Copy the listing exactly, images excluded.

Given data:
Segment Open

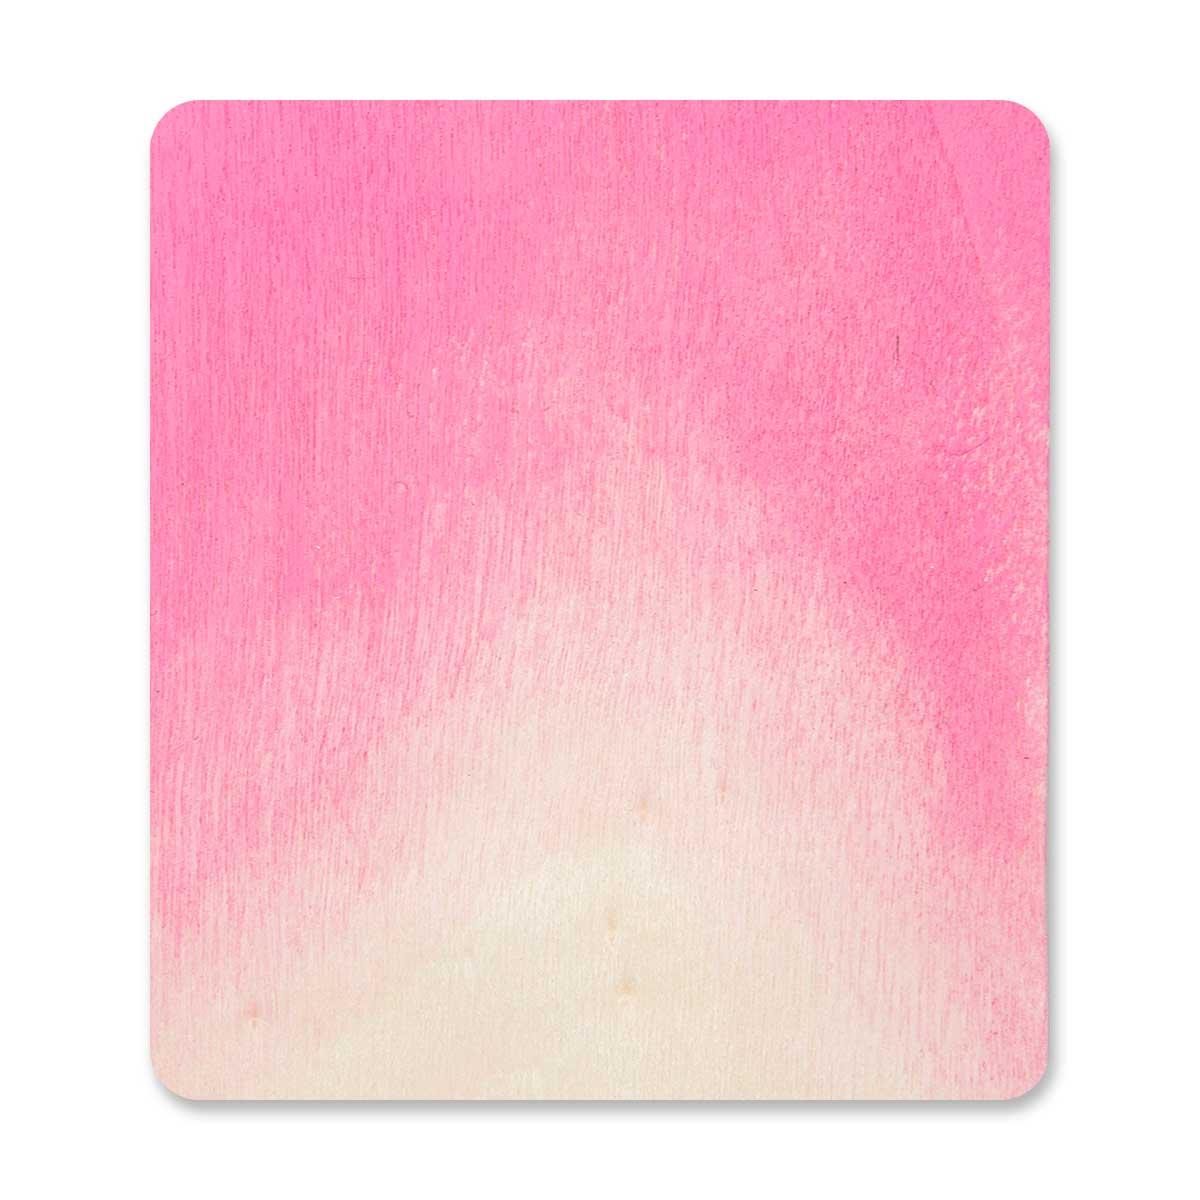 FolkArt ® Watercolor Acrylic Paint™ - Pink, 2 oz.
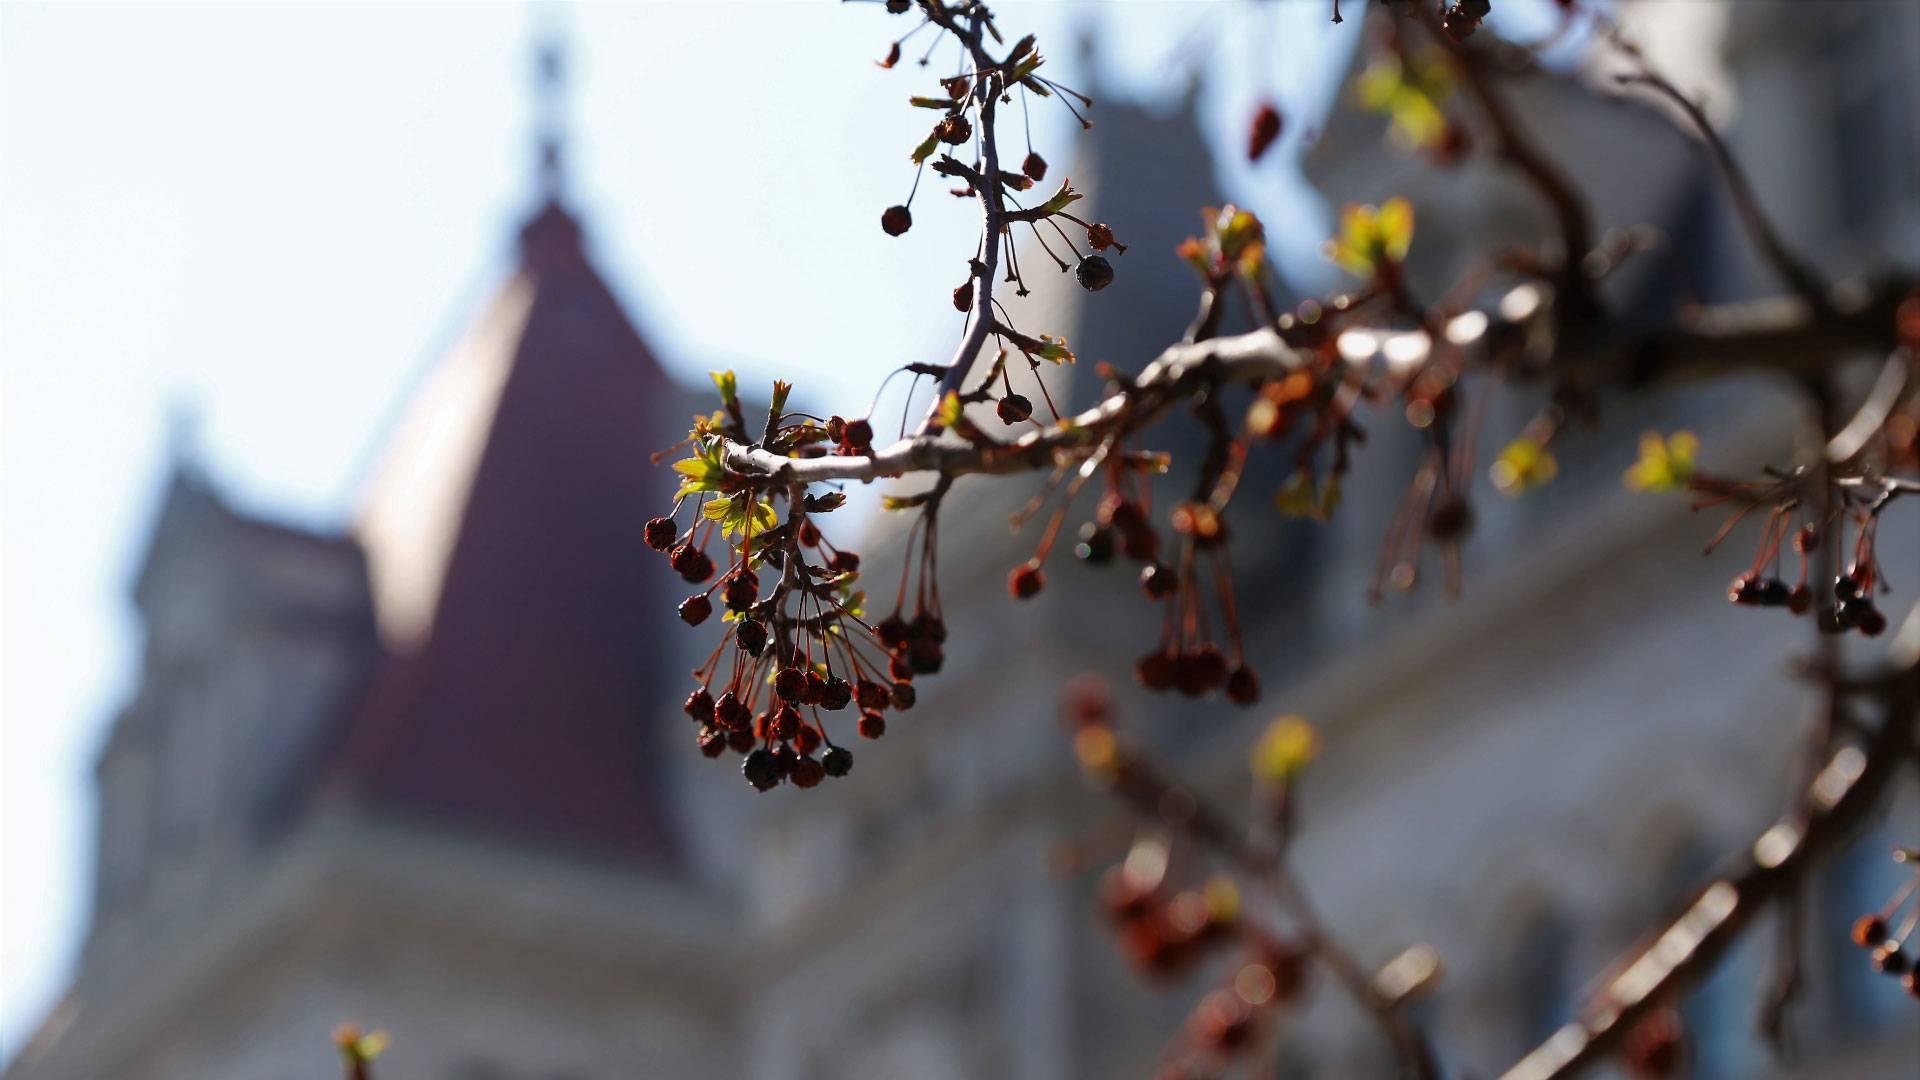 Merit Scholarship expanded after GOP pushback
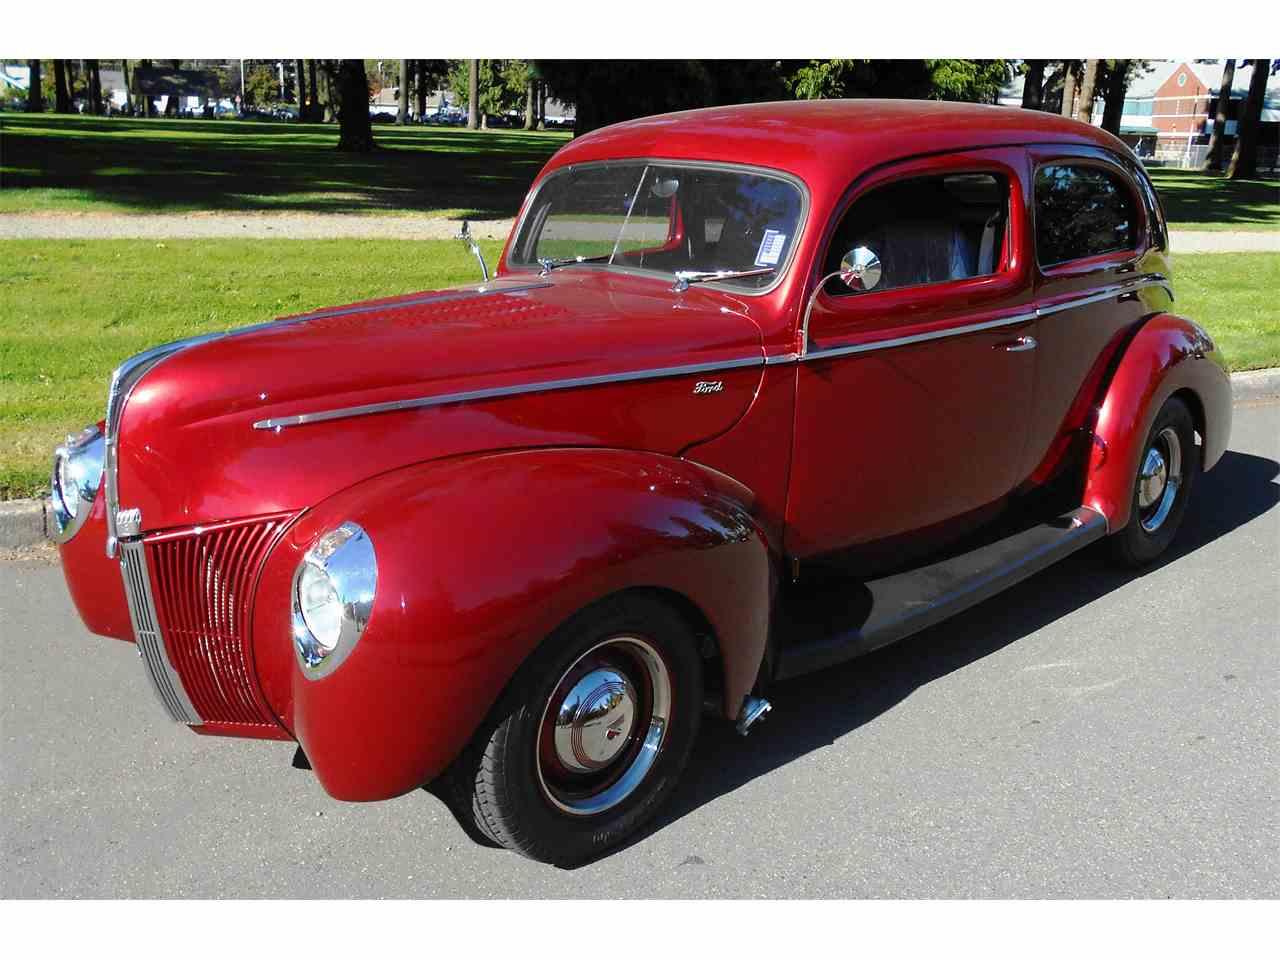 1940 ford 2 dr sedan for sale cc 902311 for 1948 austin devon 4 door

Segment Closed

Result for this task:
 FolkArt ® Watercolor Acrylic Paint™ - Pink, 2 oz.
 Merit Scholarship expanded after GOP pushback
 1940 ford 2 dr sedan for sale cc 902311 for 1948 austin devon 4 door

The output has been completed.